▶ [Problem to solve] Given the material below, return only the lines starting at the line with "marca-dbarrio" and ending at the line with "Aktivist/innen mit 300.000", exactly as they appear.

▶ [Data listing]
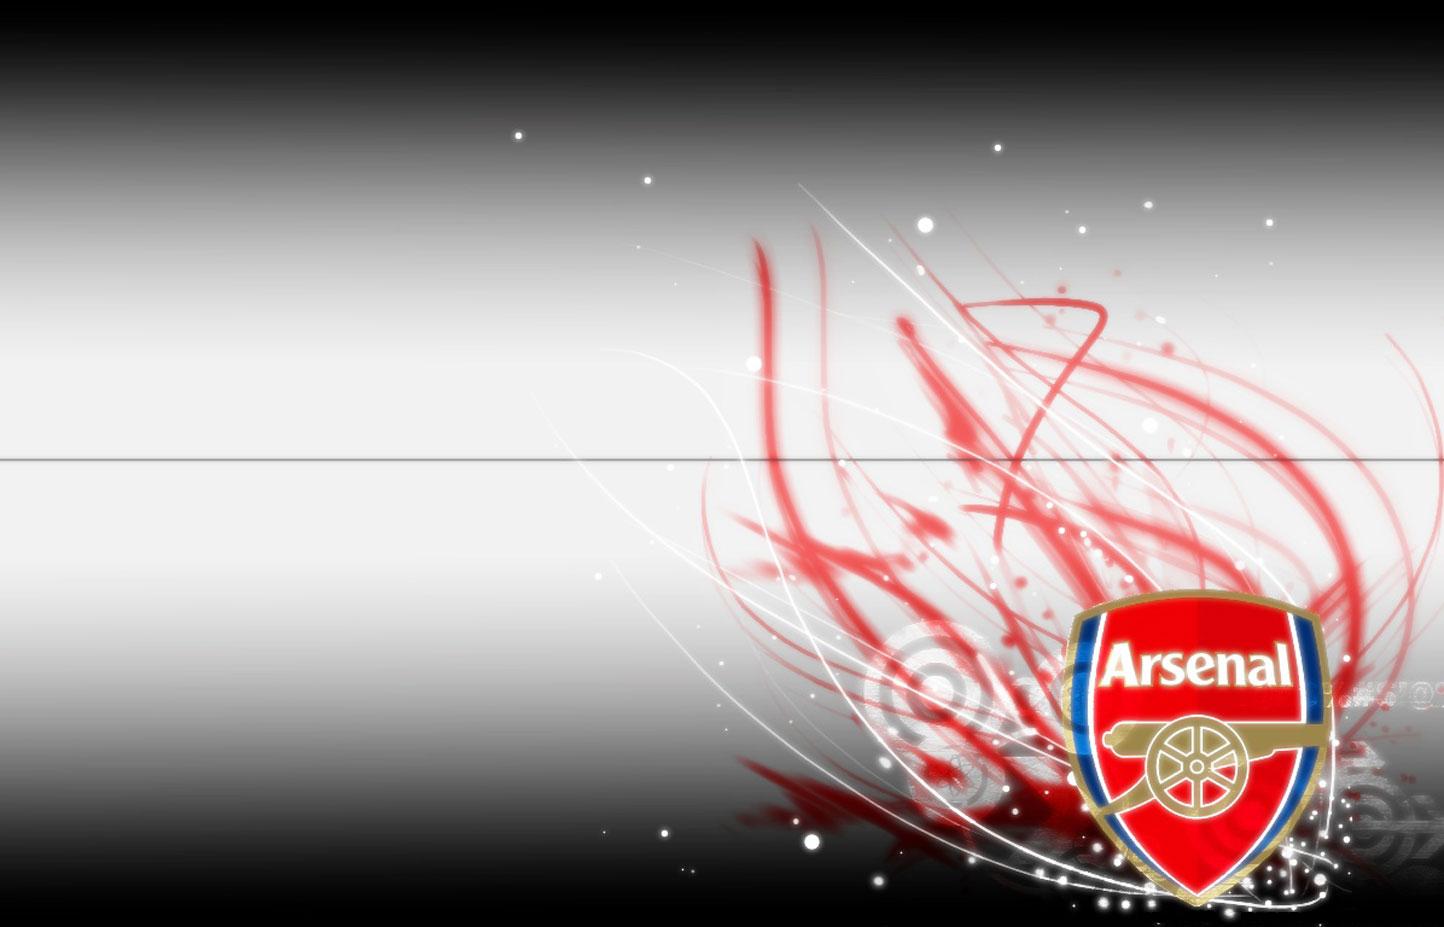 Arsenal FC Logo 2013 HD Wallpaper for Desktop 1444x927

---

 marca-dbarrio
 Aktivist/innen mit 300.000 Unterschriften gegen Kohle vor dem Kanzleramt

▶ [Task result]
 marca-dbarrio
 Aktivist/innen mit 300.000 Unterschriften gegen Kohle vor dem Kanzleramt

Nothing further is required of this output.